**Available data**.
== Segment start ==

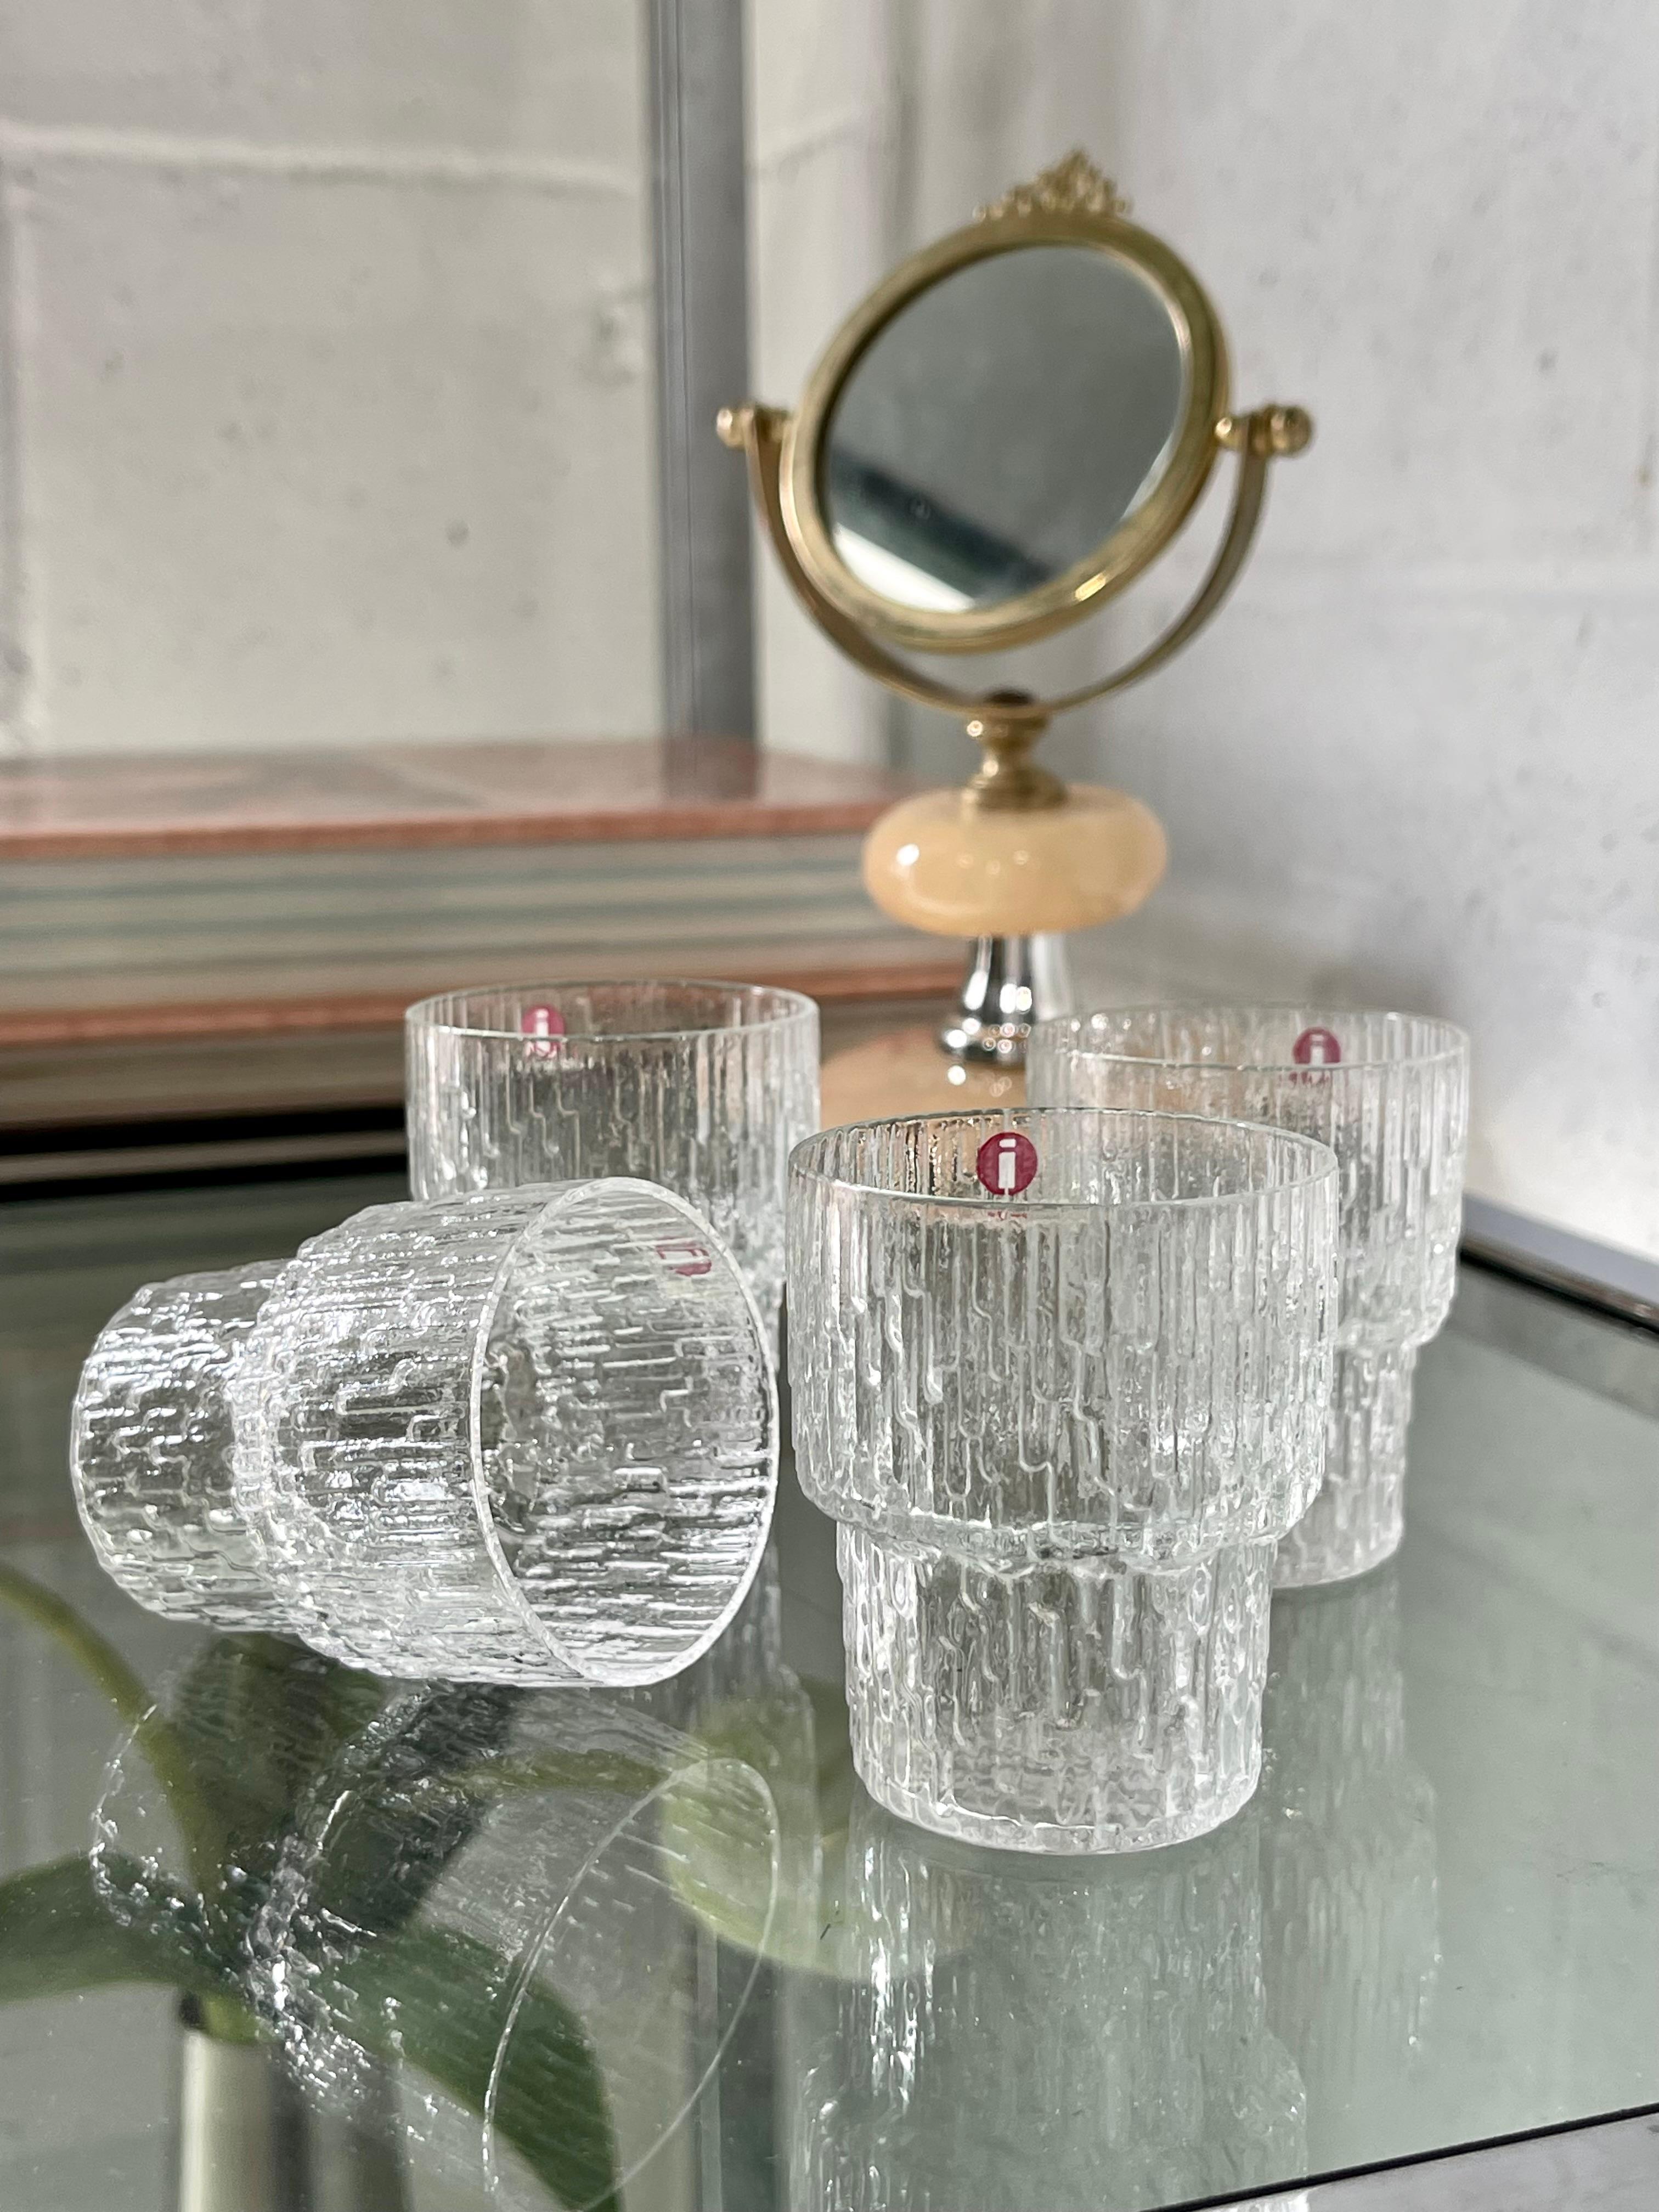 Dazzling set of 4 iittala Finland shot glasses. Designed by Tapio Wirkkala for the glass series Paadar, circa the 1960’s. 

Eye catching, brutal-esque design, which seems to be mimicking columns of melting glacial ice. 

In fantastic vintage
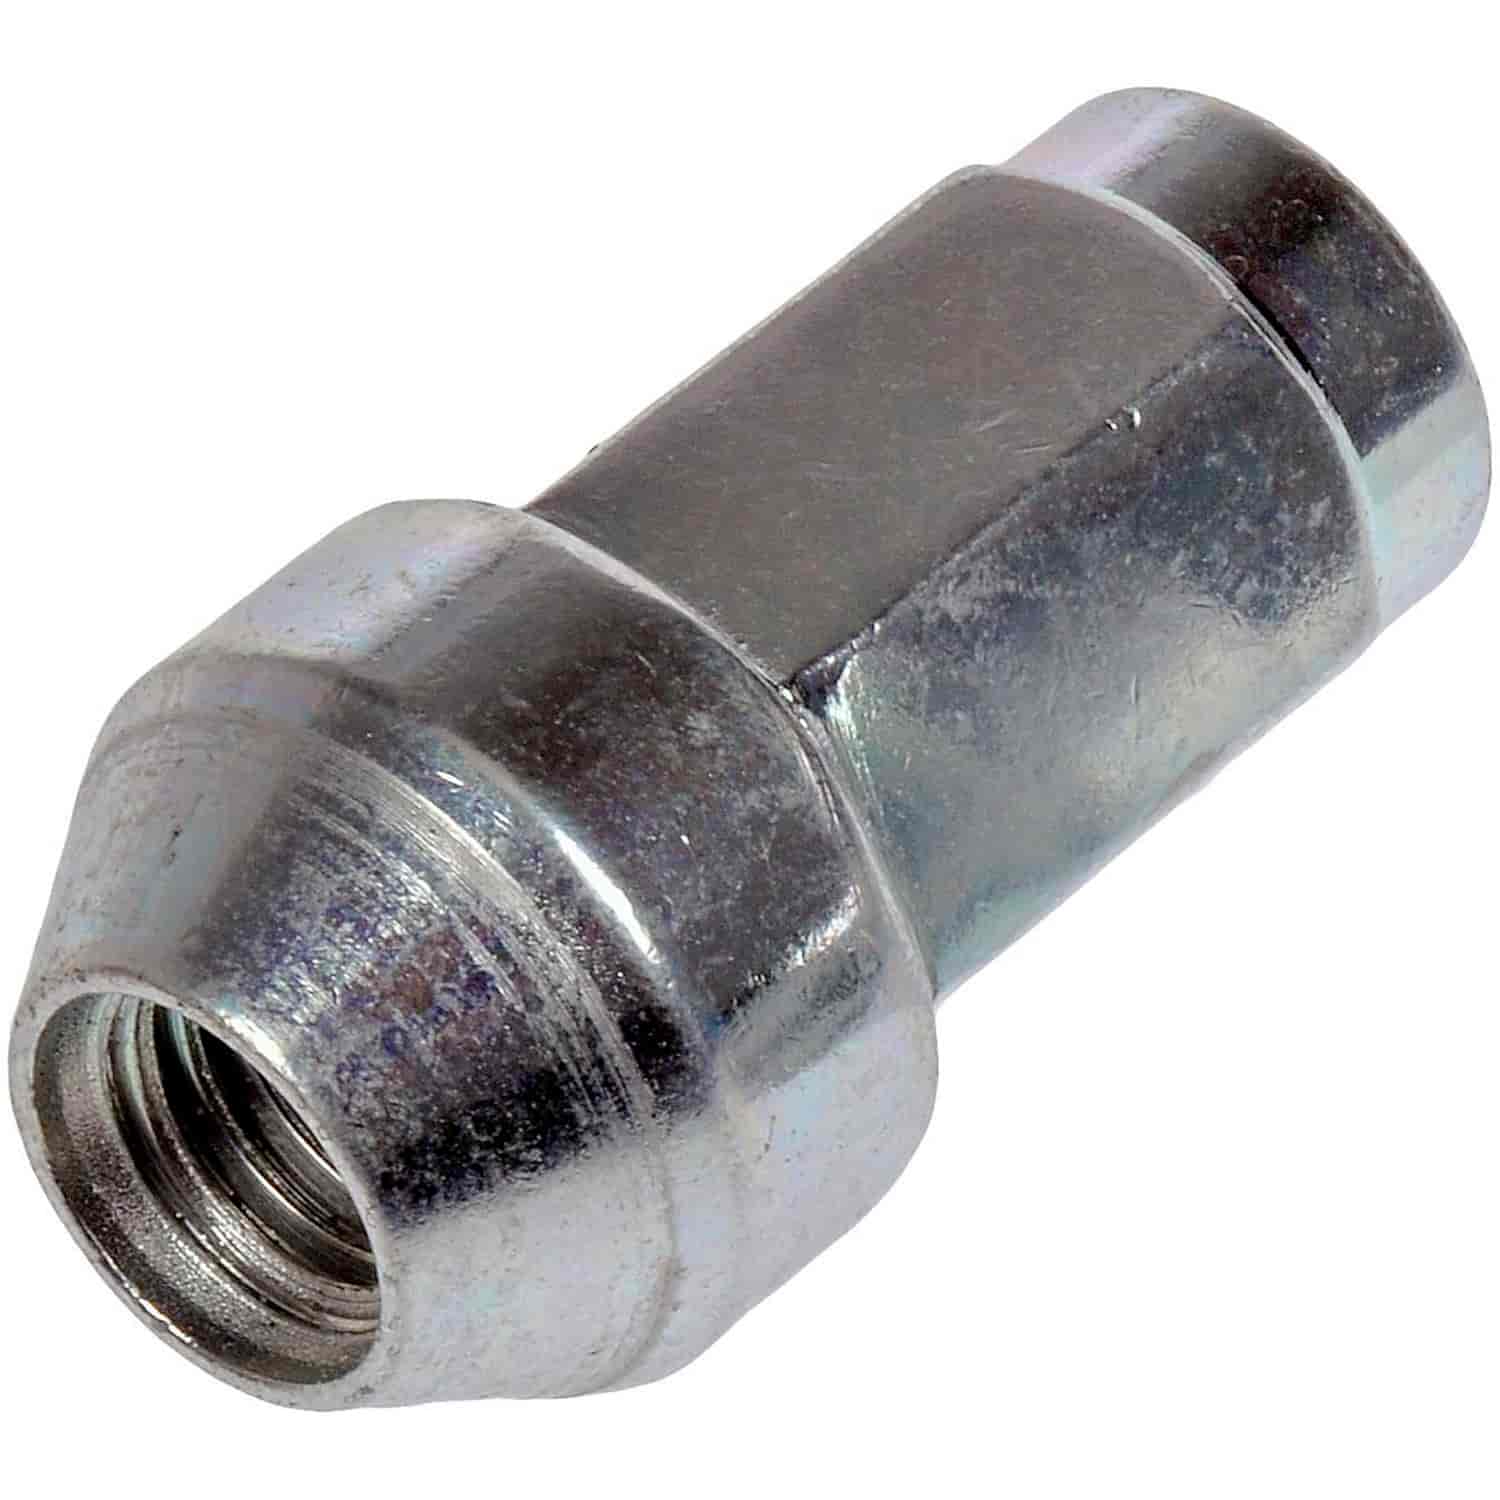 Wheel Nut M14-2.0 Dometop Capped - 21mm Hex 54mm Length
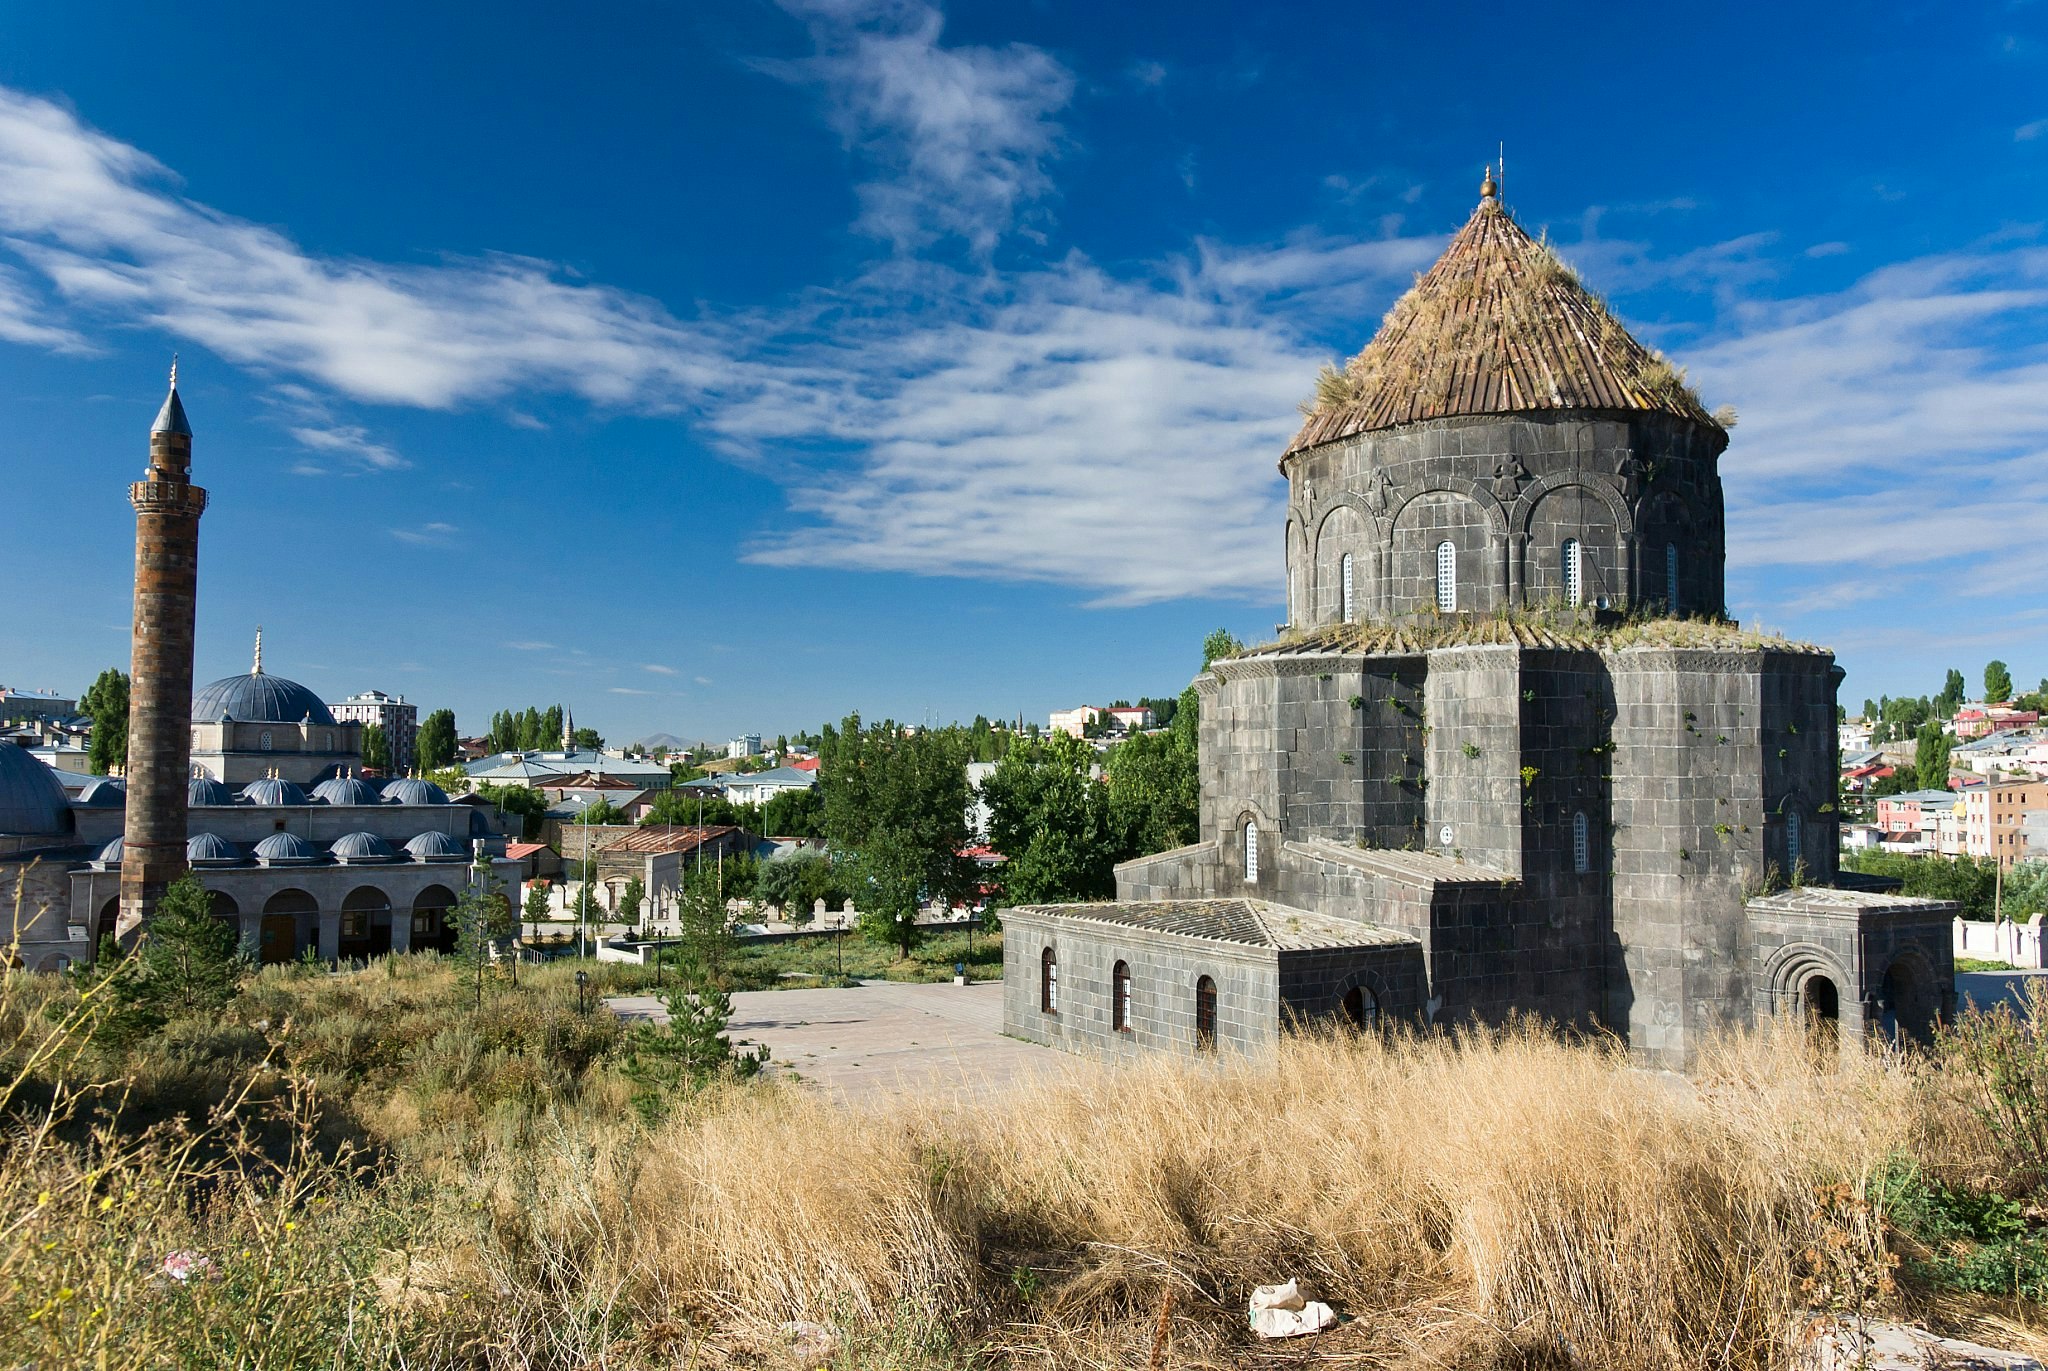 An imposing basalt church with a conical dome and porches below; next to it is a mosque with blue domes and a minaret.

== Segment end ==

Every entry above should be returned exactly, with no images included.

**Solution**.
 Dazzling set of 4 iittala Finland shot glasses. Designed by Tapio Wirkkala for the glass series Paadar, circa the 1960’s. 

Eye catching, brutal-esque design, which seems to be mimicking columns of melting glacial ice. 

In fantastic vintage
 Wheel Nut M14-2.0 Dometop Capped - 21mm Hex 54mm Length
 An imposing basalt church with a conical dome and porches below; next to it is a mosque with blue domes and a minaret.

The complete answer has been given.